Pronto la rebelión se diseminó a otras ciudades. Un episodio fortuito puso
fin a la alianza entre el ejército y el gobierno, la muerte del ministro de
Defensa Vasile Milea en circunstancias sospechosas. Ceaușescu asumió el
liderazgo del ejército, y precipitó su caída, pues los militares estaban
convencidos de que Milea había sido asesinado por órdenes del líder, y se
unieron a las protestas. (En realidad, Milea se suicidó).
Al perder control de la situación, Ceaușescu y su esposa Elena huyeron en
helicóptero de Bucarest junto con dos de sus asesores. Finalmente fueron
apresados cerca de la población de Târgoviște, y entregados al ejército.
El 25 de diciembre de 1989, los Ceaușescu fueron procesados ante una kangaroo court, un tribunal elegido a
dedo, sin autoridad alguna, por órdenes del gobierno provisional de Rumania. Se
los acusó de saqueo del erario público y de genocidio. Aunque Ceaușescu negó
toda autoridad al tribunal, y exigió que lo respetaran como presidente de
Rumania, la corte lo condenó a muerte junto con su esposa. Lo que siguió fue
realmente horripilante. Un escuadrón de fusilamiento puso a los dos contra un
paredón y comenzó a dispararles, mientras centenares de militares forcejeaban para
poder también alojar algún balazo a los cónyuges.
Cuando se divulgaron las imágenes de la ejecución, hubo indignación a nivel
internacional por el desprecio exhibido hacia dos seres humanos.
Todavía en el 2009, Ion Iliescu, entonces presidente provisional de
Rumania, seguía disculpándose por el vergonzoso episodio.

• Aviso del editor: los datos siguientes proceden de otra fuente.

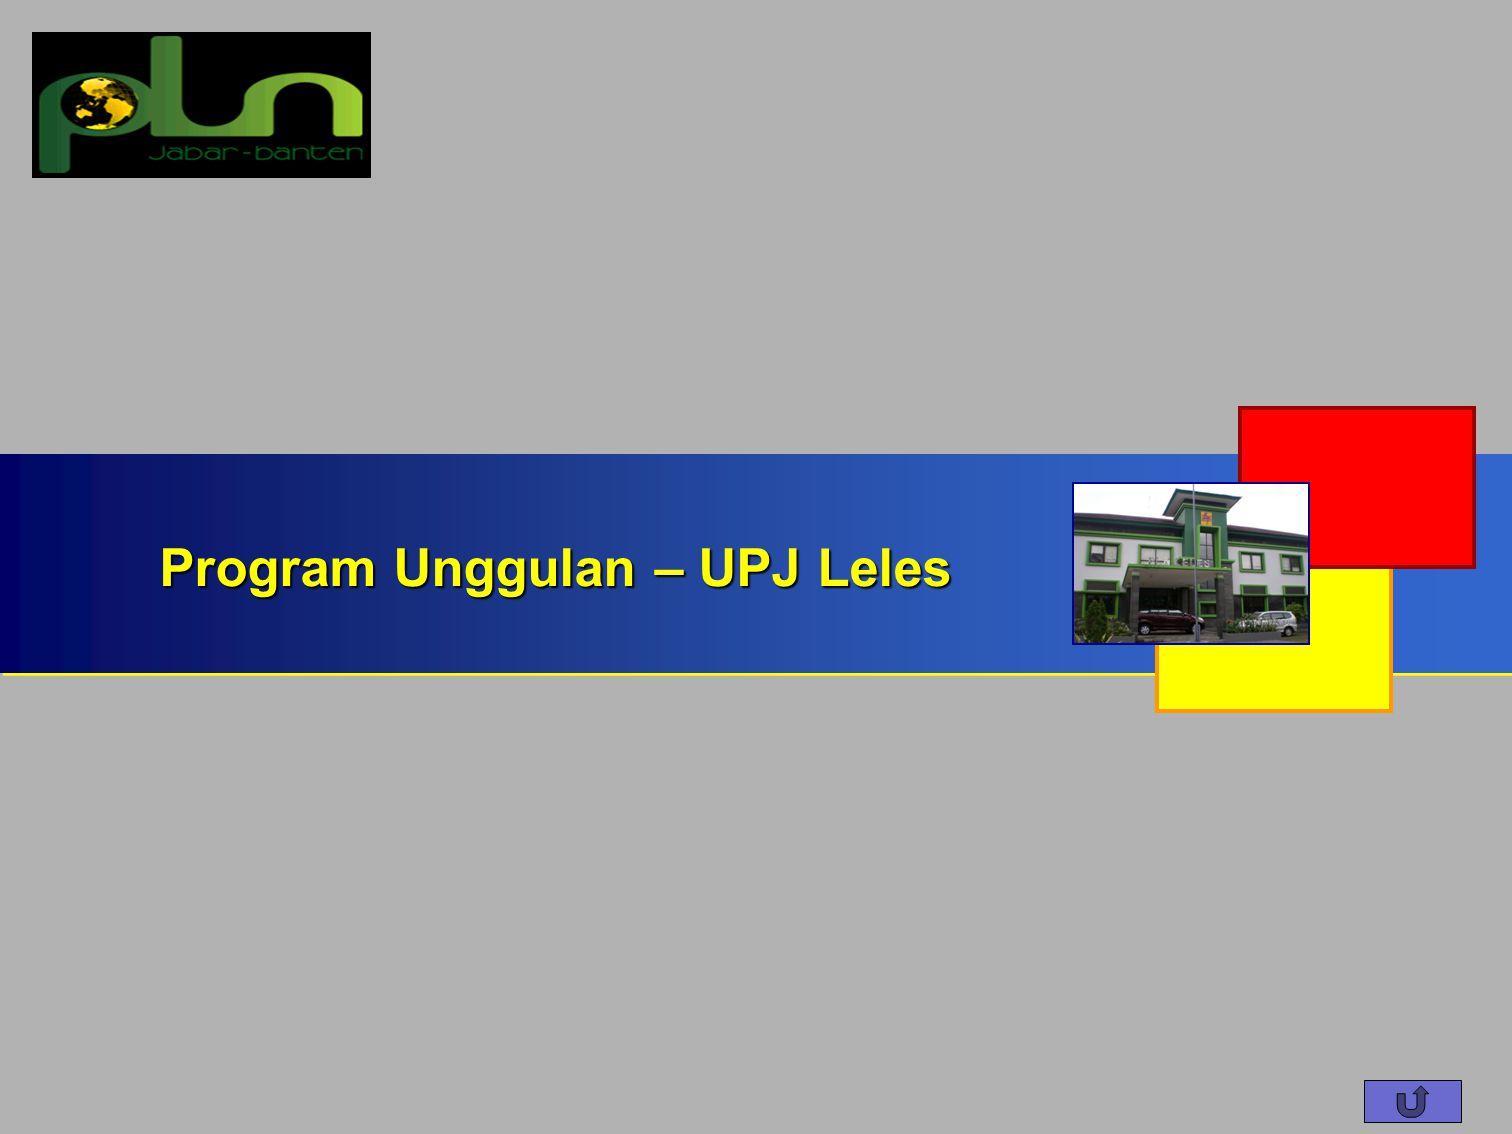 Program Unggulan – UPJ Leles Program Unggulan – UPJ Leles

Según Iliescu, el
proceso a los Ceaușescu había sido “vergonzoso, pero necesario”. Y Victor Stănculescu, quien había sido ministro de Defensa antes de
pasarse al bando revolucionario, alegó que la alternativa hubiera sido el
linchamiento de los Ceaușescu en las calles de Bucarest. (La pena de muerte fue
abolida en Rumania días después de esas ejecuciones).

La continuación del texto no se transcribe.